The arguments of Virginia on this aspect of the controversy resemble "the playbill which is said to have announced the tragedy of Hamlet, the character of the Prince of Denmark being left out." They ignore the crucial stipulation of paragraph 12 of the contract of May 29, 1947, that the liability insurance to be carried by the lessor was to be on buses of lessor.

When all is said, the contract of May 29, 1947, imposed these obligations, and these obligations only, on Carolina and Queen in respect to insurance: (1) It obligated Carolina to insure both itself and Queen against legal liability for losses caused by the operation of Carolina's buses on Queen's franchise route; and (2) it obligated Queen to insure both itself and Carolina against legal liability for losses caused by the operation of Queen's buses on Carolina's franchise route. This being so, the trial judge rightly ruled that Carolina did not contract to provide Queen with liability insurance protection against the loss arising out of the collision of the Queen bus and the Perkins car.

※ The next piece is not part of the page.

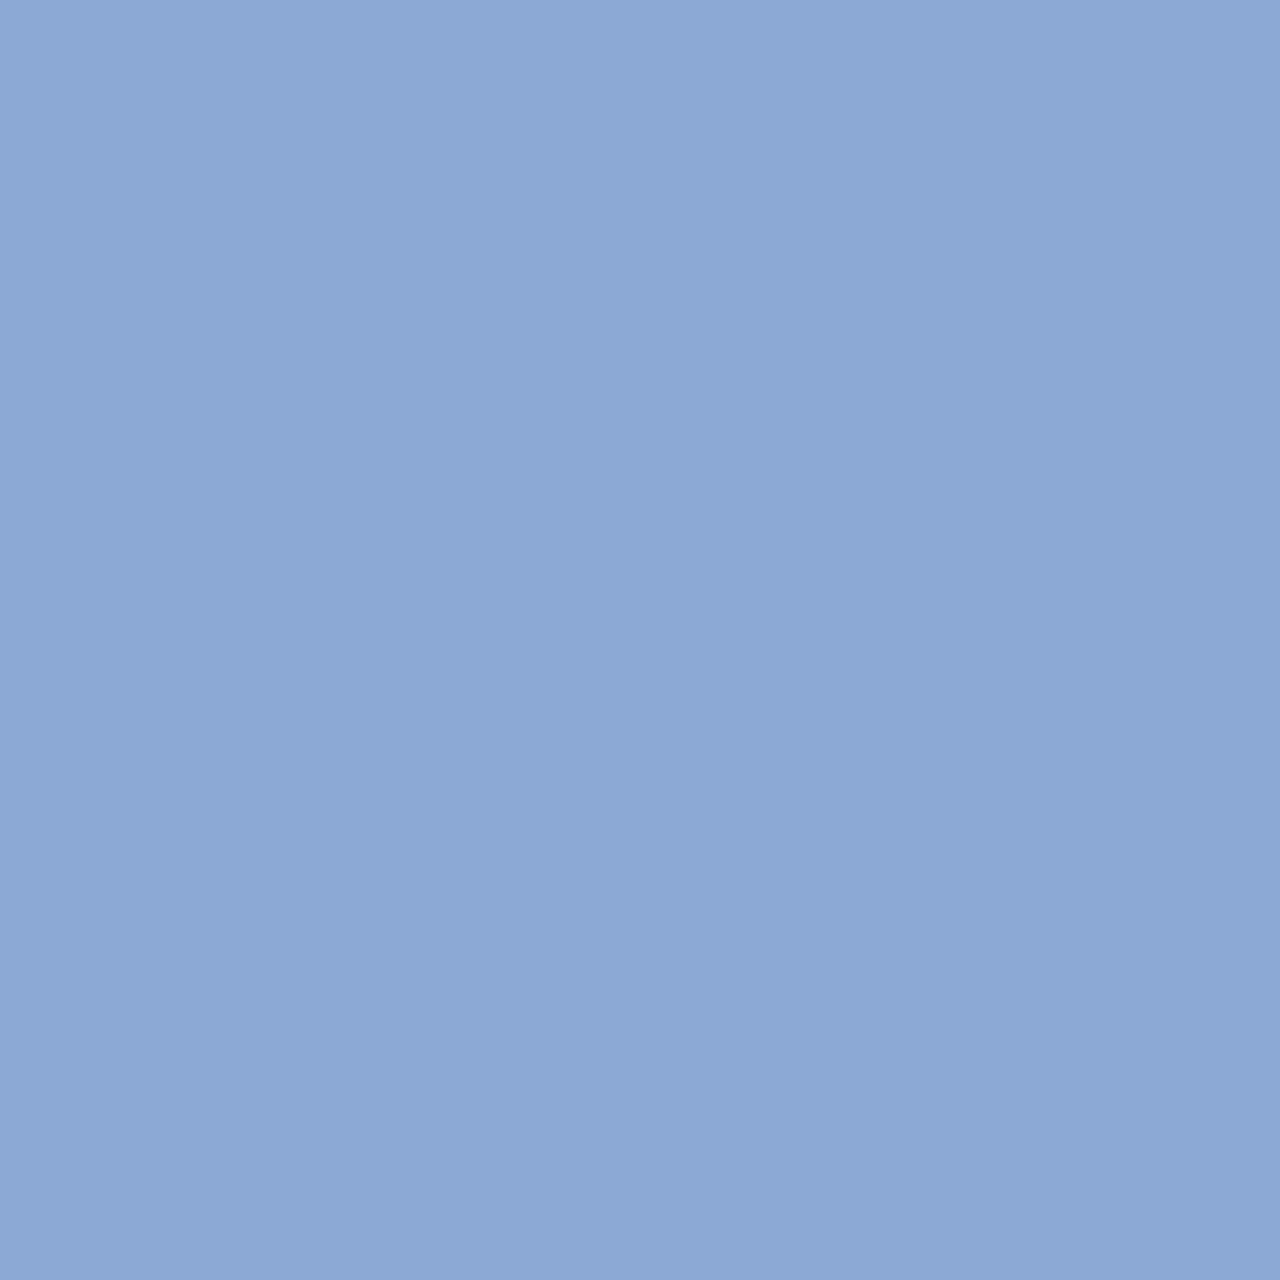 Rosco Cinegel Sheet #3203: Three-Quarter Blue (3/4 CTB), Gels
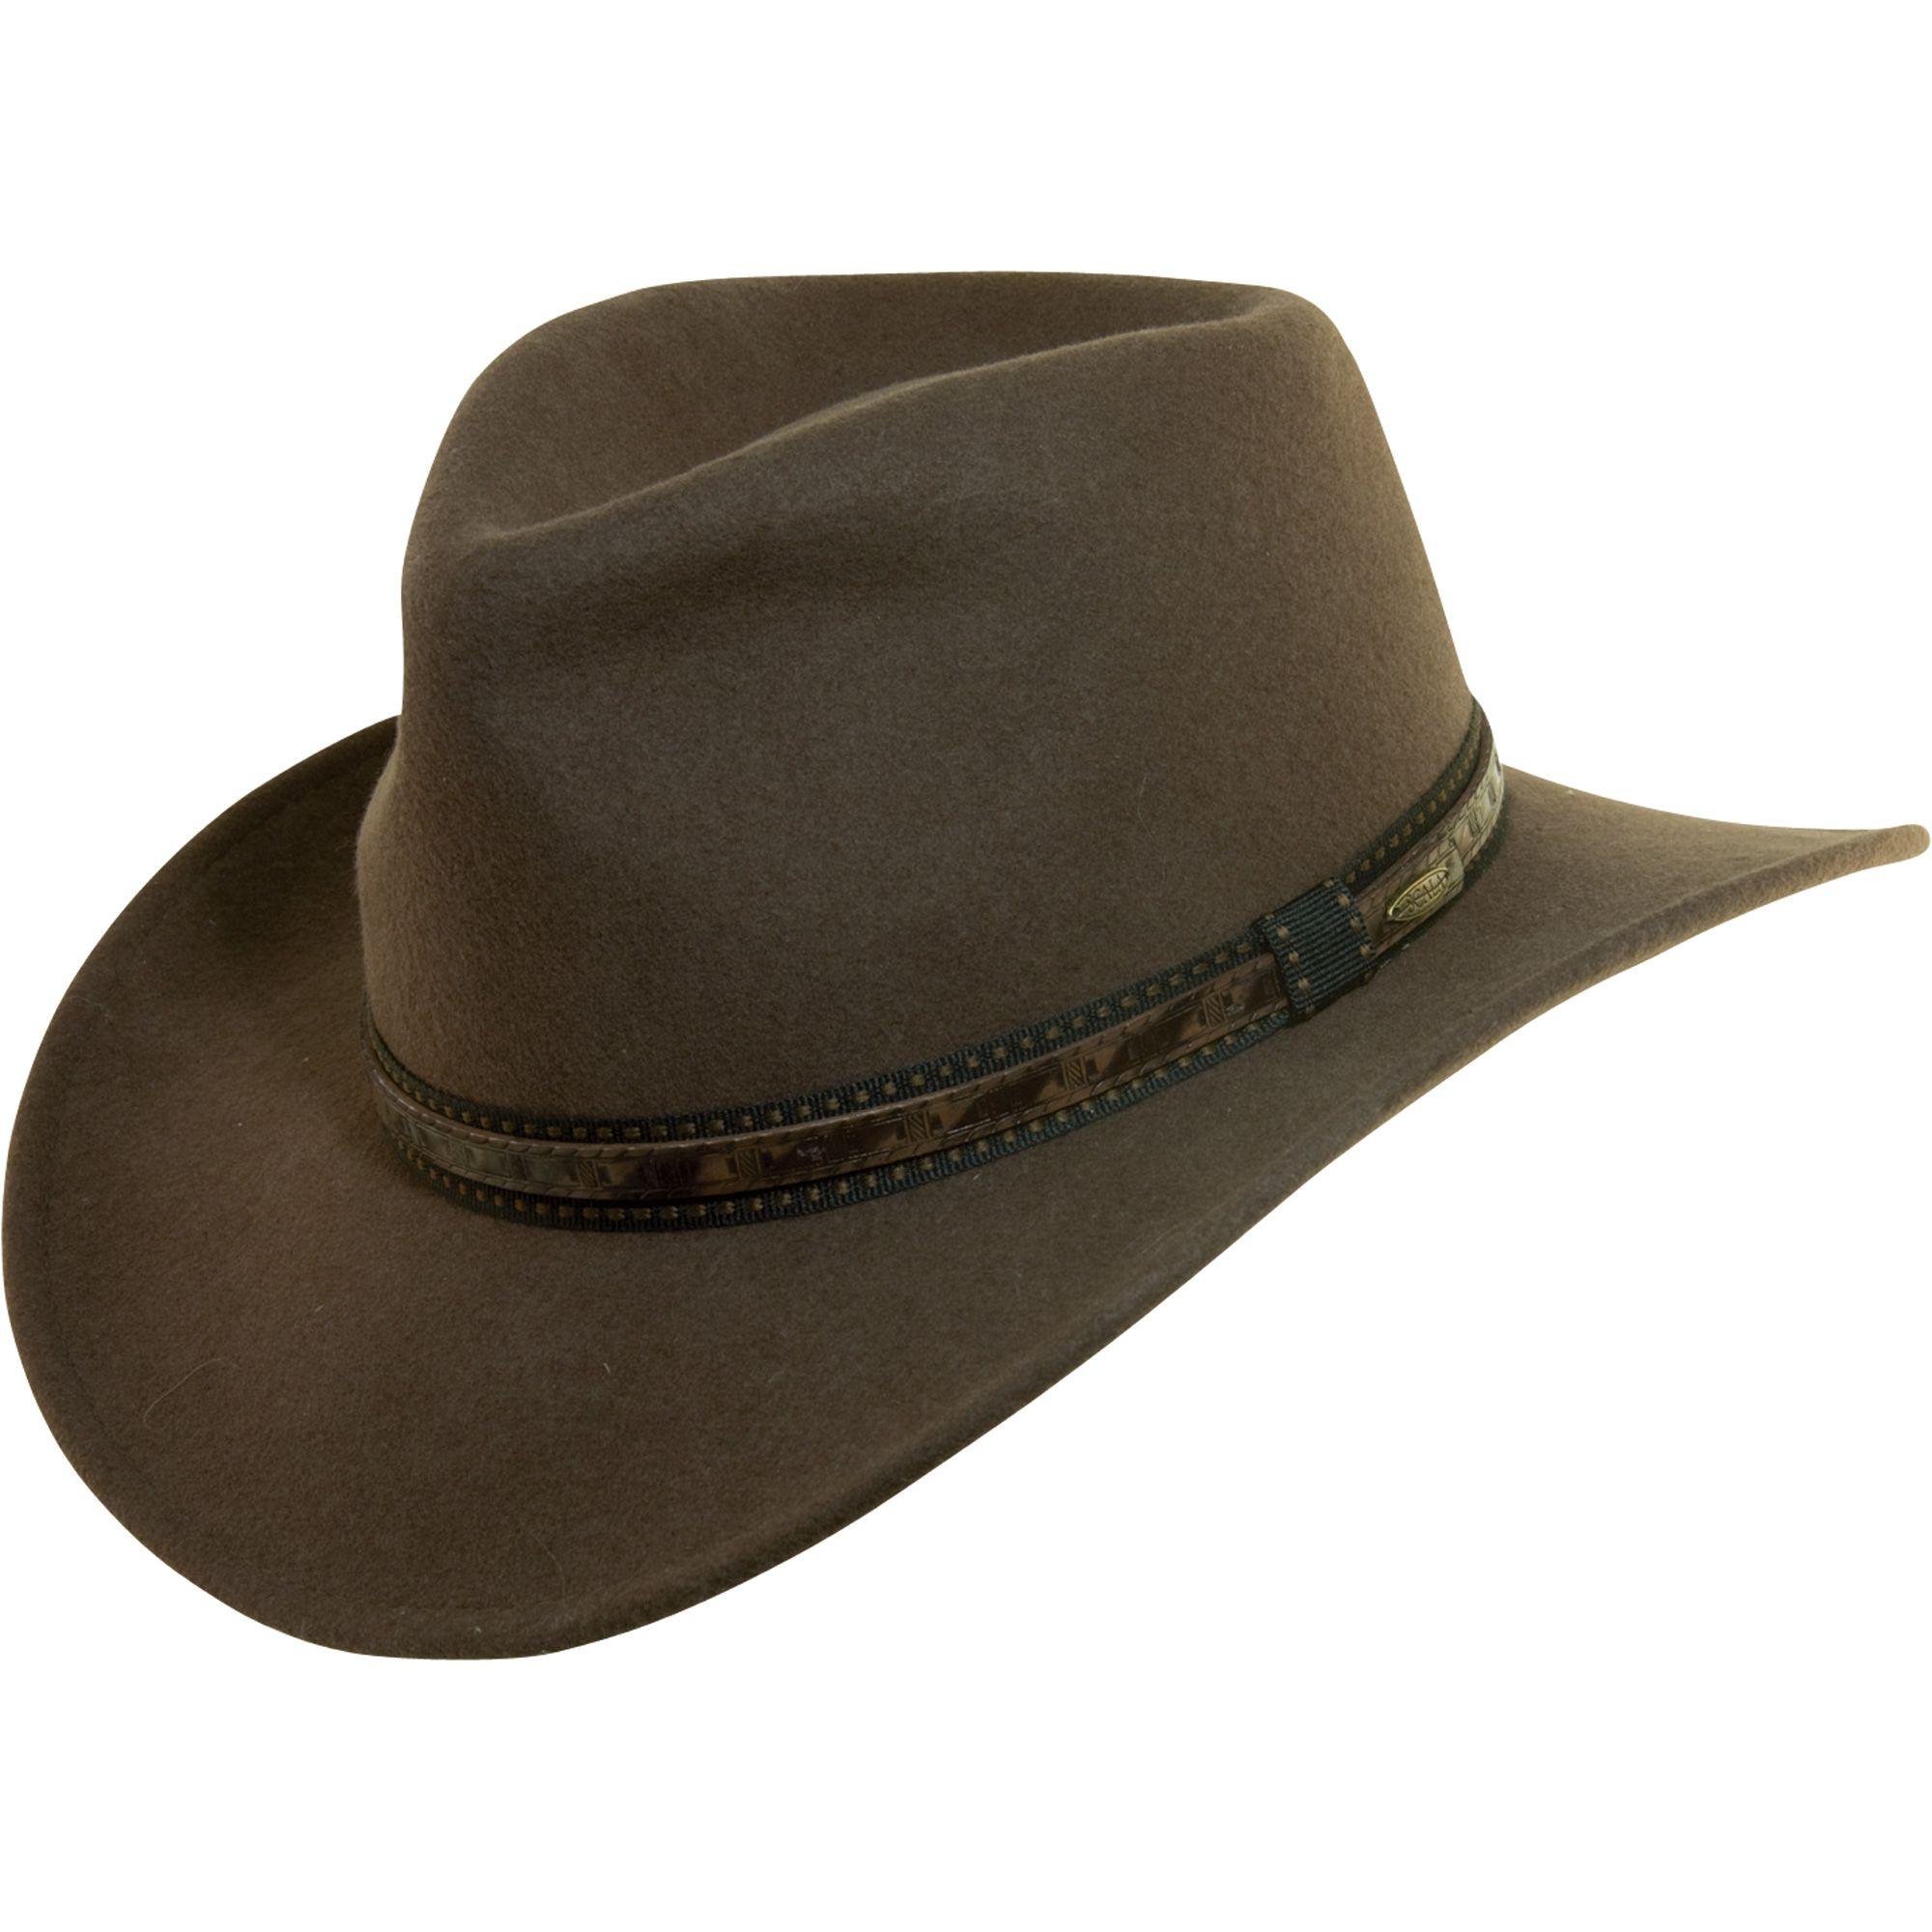 76c1c48240b89 Stunning Menu0027s Dorfman Pacific Wool Felt Outback outback hat

Our interpretation of the contract of May 29, 1947, is identical with that which the parties put upon it in issuing and accepting the endorsements and certificates. Smith v. Thompson, 210 N.C. 672, 188 S.E. 395; Williston on Contracts (Rev.Ed.), section 623. Virginia emphasized the validity of the interpretation by inserting in the endorsement to its policy the third stipulation declaring in express terms "that coverage is not provided to the Carolina Coach Company while its equipment is operating under rights or franchises granted to or held by Queen City Bus Company."

For the reasons given, the judgment is affirmed.